Member Reviews
I actually never read the first book in this duology but I loved Dear Hanna. I never knew what she was going to do or when she was going to loose her s*** for lack of better word. I knew I was along for a wild ride.
I really loved Zoje Stage’s book Baby Teeth and thought that it was a crazy and intense read. I was excited to pick up Dear Hanna and to see what life is like for adult Hanna but I found this book to be a little harder to follow along and read. In Baby Teeth I found all of the characters to be likable and struggled to put the book down. In Dear Hanna I didn't really like any of the characters and while it was. great psychological thriller I wasn't as invested. I still enjoyed it and look forward to reading more of Stage's books.

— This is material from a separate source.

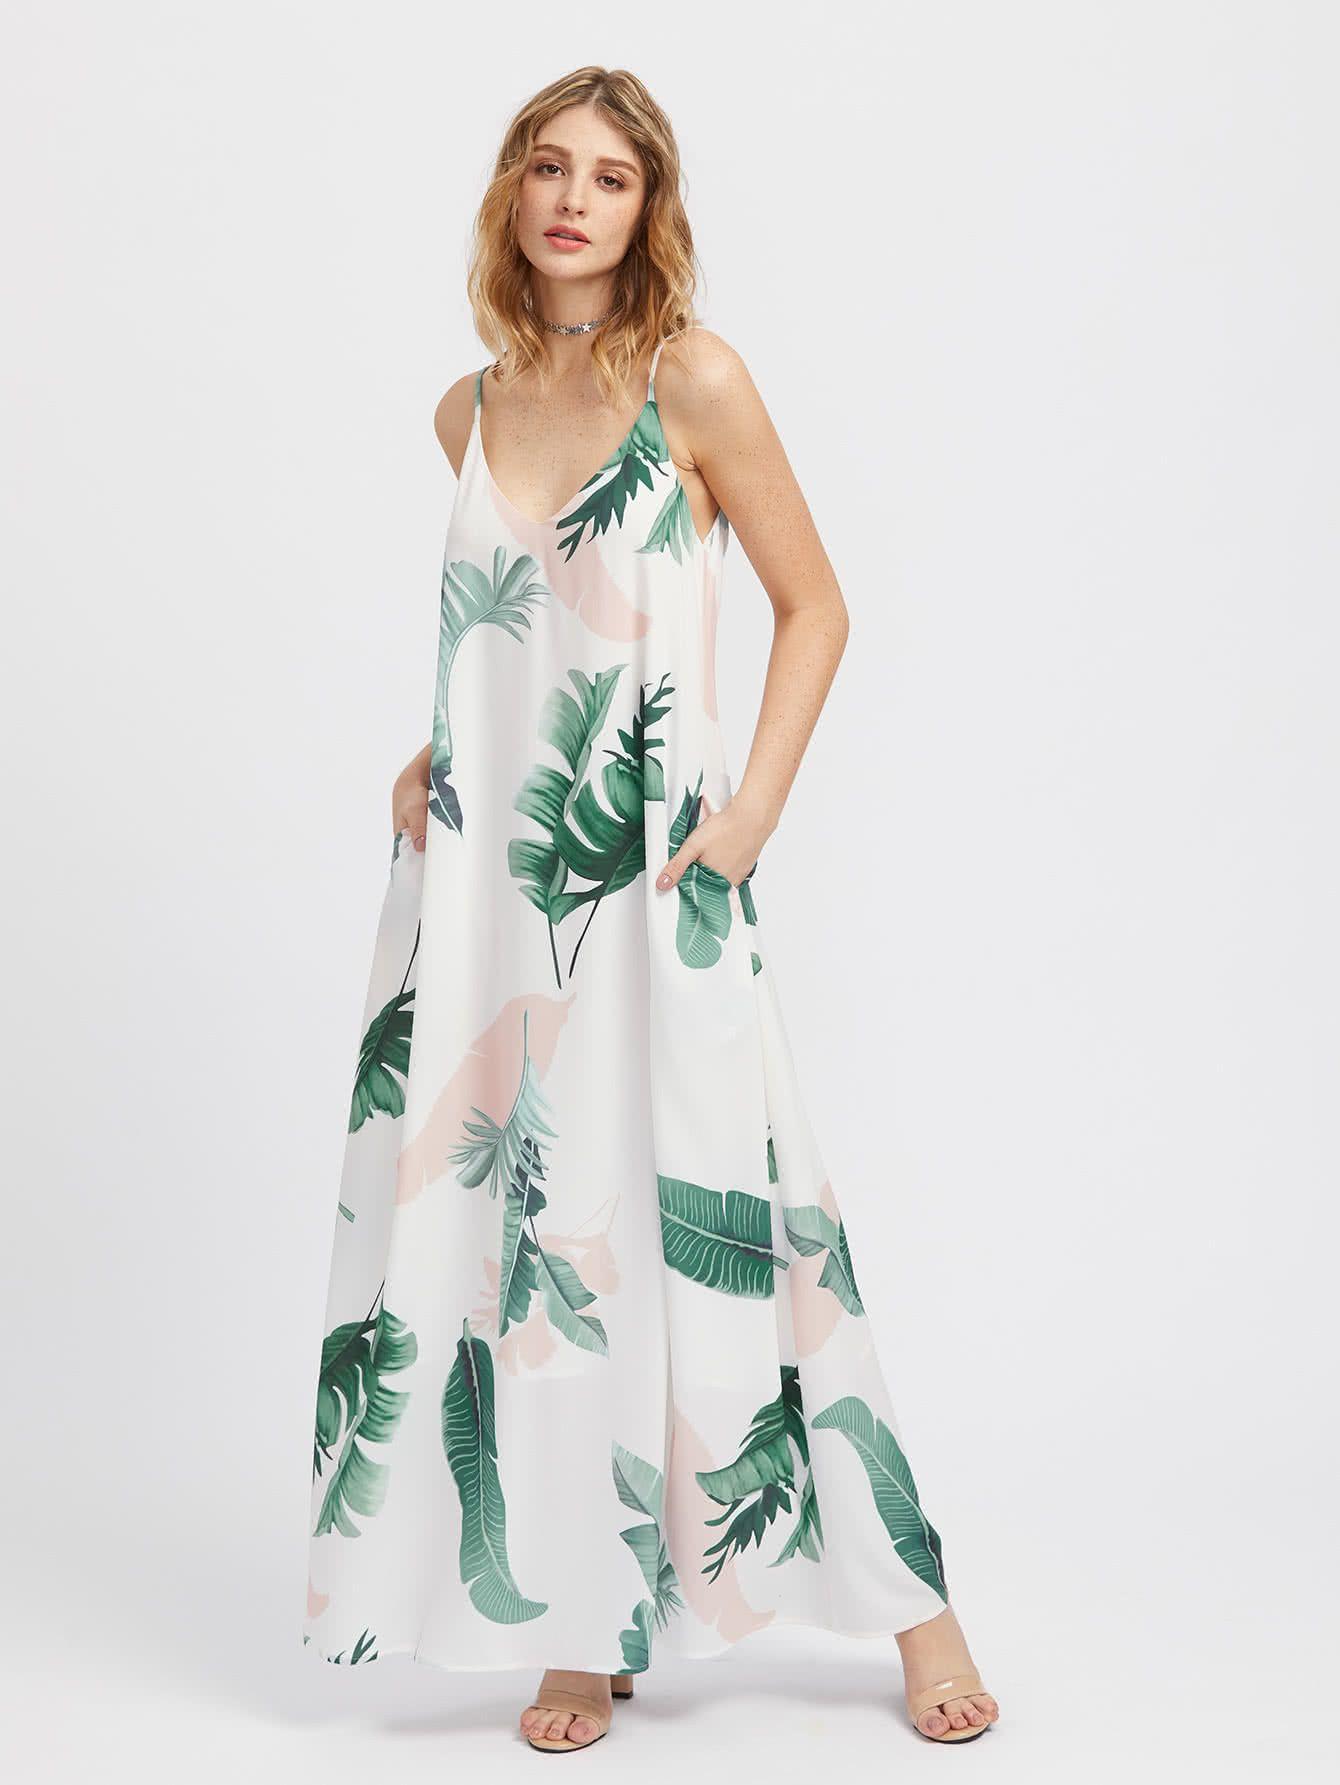 Jungle Leaf Print Hidden Pocket Side Cami Dress Shein Sheinside Maxi Dress Summer Maxi Dress Dresses [ 1785 x 1340 Pixel ]
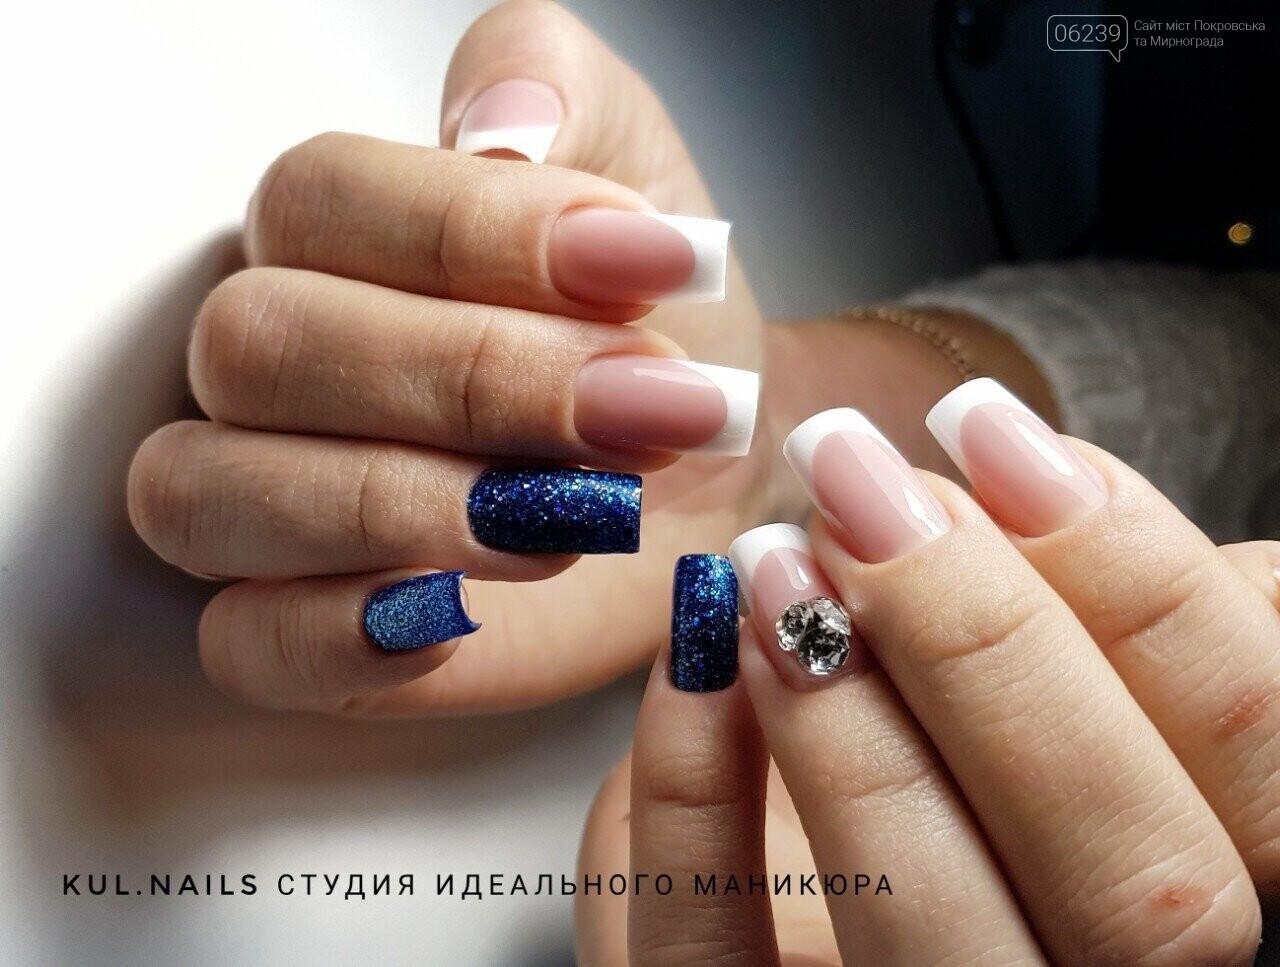 «Kul_nails_studio» в Покровске: дарим красоту качественно и профессионально, фото-2

I entered into this book yet again not remembering what it was about. I just jumped in and was quickly absorbed in the story. It had a sort of fairytale quality to it .

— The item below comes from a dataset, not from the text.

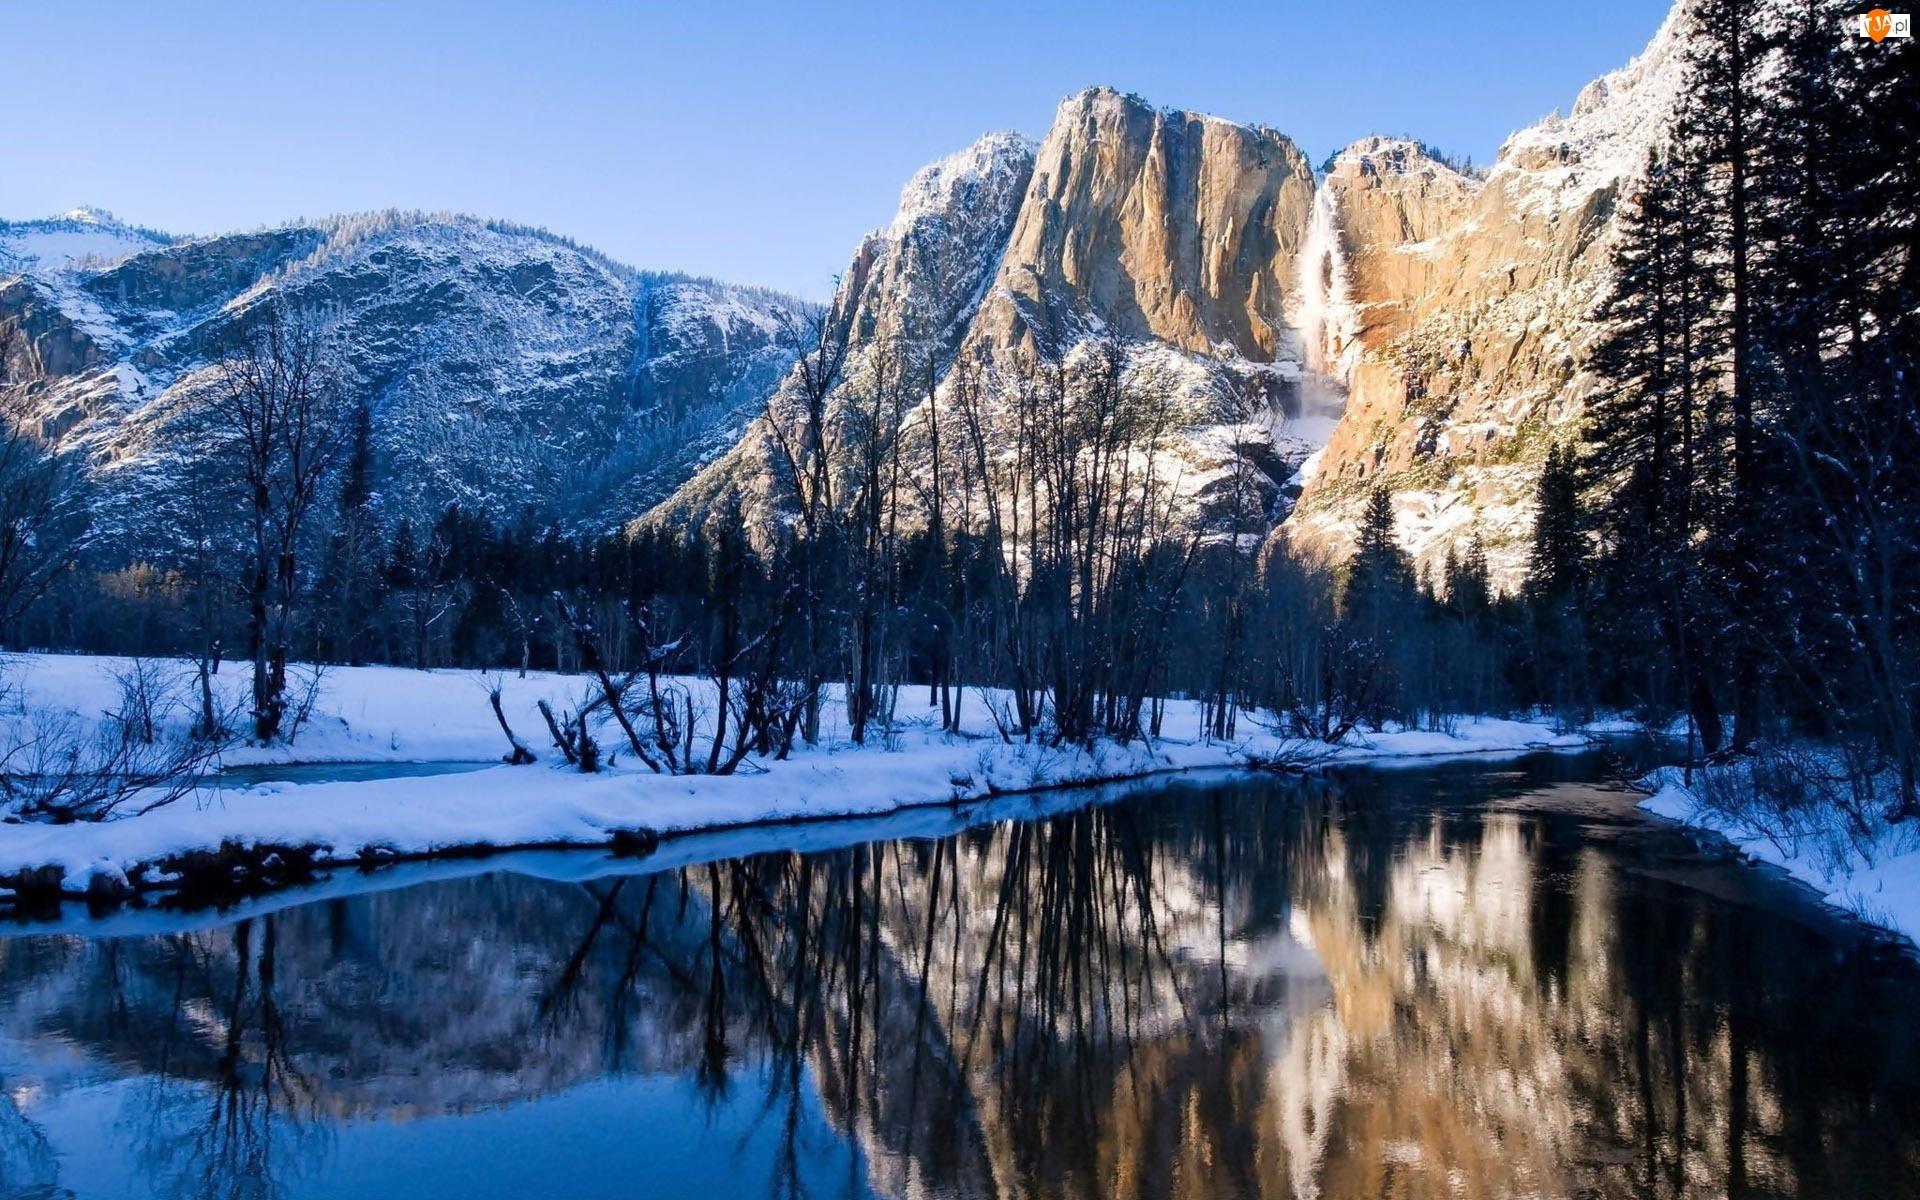 Park Narodowy Yosemite, Rzeka, Stany Zjednoczone, Zima, Stan Kalifornia, Góry

Of course, it all starts nicely but then the cracks start to appear after we jump forward a few years. Hanna is unhappy in her marriage and not sure how to handle it. When extremely unwelcome familial situation rears its head, she resorts to old habits, but even those don't work.

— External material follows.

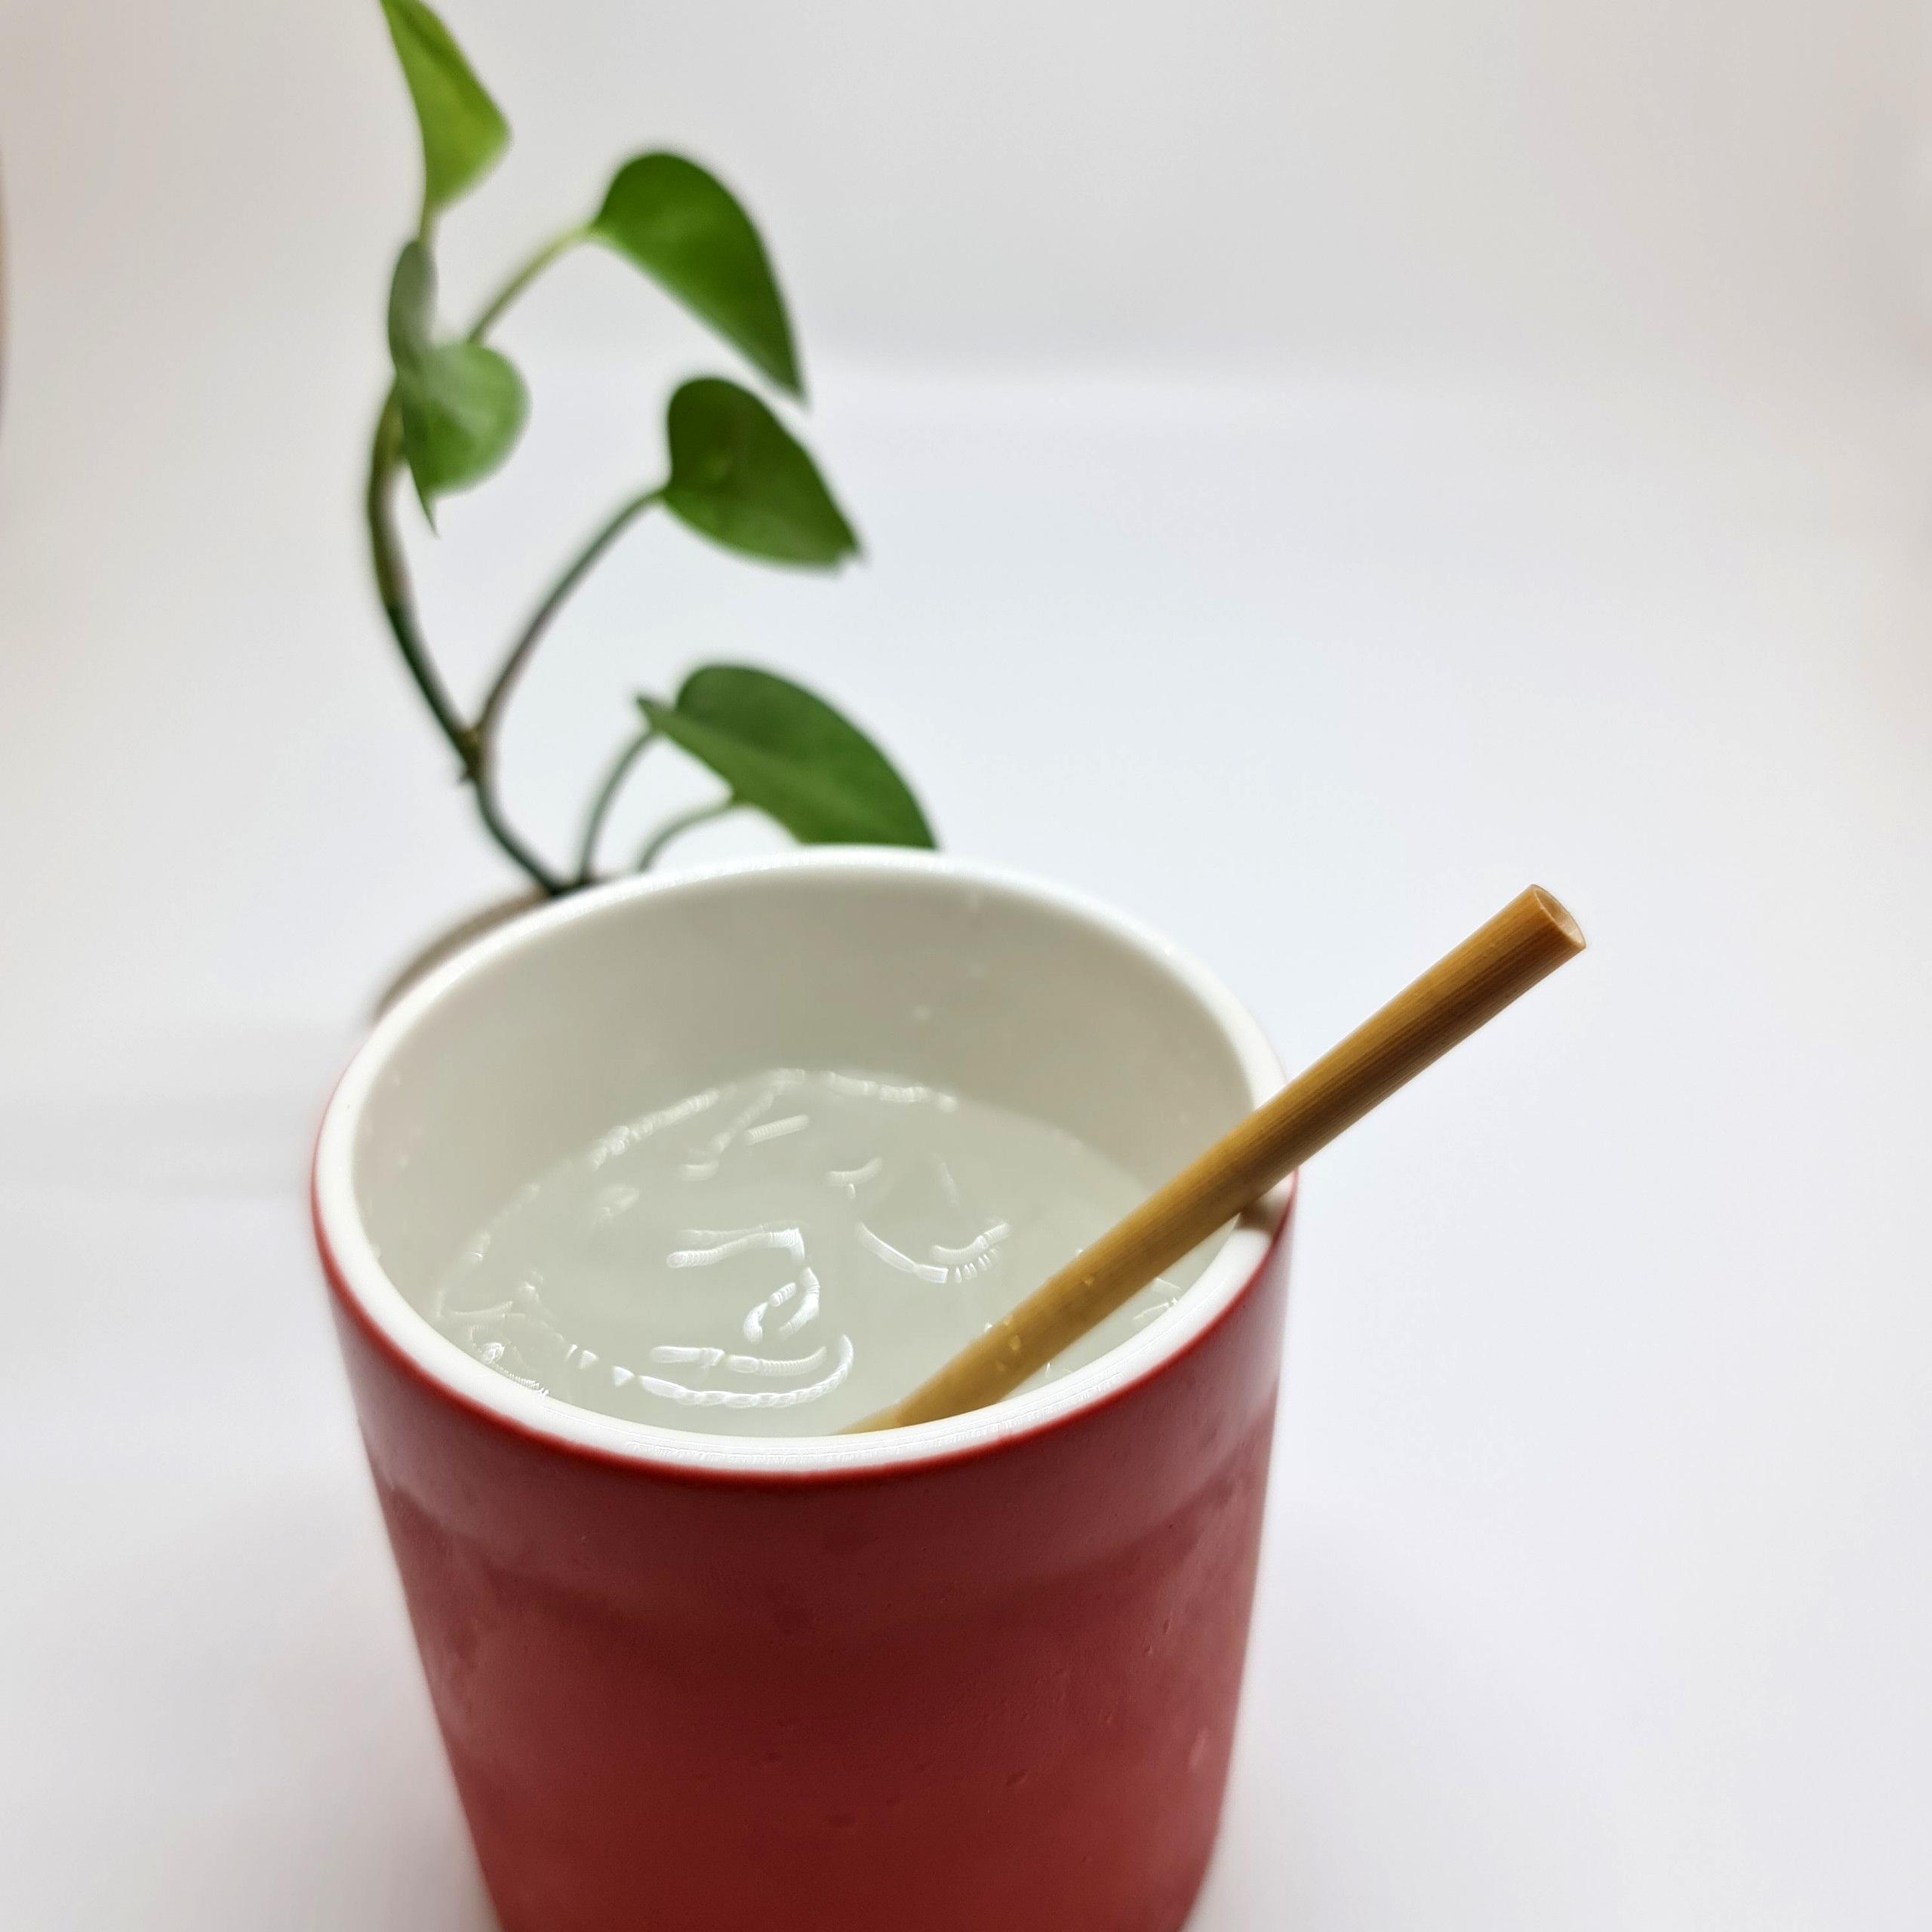 100 Ống Hút Cỏ (Grass Straws) Dài 15 cm - Không Tan, Biến Dạng Trong Nước - Dùng Được Cho Tất Cả Các Loại Thức Uống

All throughout the story, Hanna writes to her younger brother, asking him for advice as how to deal with her family. Only he knows her true nature so she is able to be frank with him so he can guide her accordingly. I had my doubts that this brother even existed but the truth was definitely more horrifying.
While the end was somewhat sad, I think it was best for Hanna. She would probably still be able to move on and create a new “perfect” life for herself.
If you're looking for a fast read that gives a look into a sociopath's thoughts, you'll enjoy Dear Hanna.
I received a copy of this book from NetGalley.
What a delicious treat, to revisit Hanna!!!!!
I wanted a bit more tie ins from book 1, but this was almost just a stand alone book with same names. I was very enthralled with this book, even when it was a bit dull at times, I just wanted to keep going and keep reading.
I am looking forward to rereading via audiobook so I can see if there is anything I missed!
I loved Baby Teeth and it made me glad I don’t have kids so of course I had to read the sequel. While not quite as nailbiting as Baby Teeth this was still a tense, dark read. Hanna as a stepmom? Scary thought! Overall I liked it but again not quite as much as Baby Teeth. Some parts of the story kind of went on too long (can’t say what without spoiling the plot).
If you liked Baby Teeth I think you’ll like Dear Hanna.
**Thanks to the author and publisher for the e-arc I received via NetGalley in exchange for my honest review.**
I was introduced to Zoe Stage’s writing after reading Baby Teeth. I really enjoyed that book. It was crazy, wild and phew did I have empathy for that Mother!
Dear Hanna is the follow up to Baby Teeth. The author wrote it in a way that you can read it before Baby Teeth or after. Both books are based around Hannah, one in childhood, and later as an adult. Same sociopath, different problems.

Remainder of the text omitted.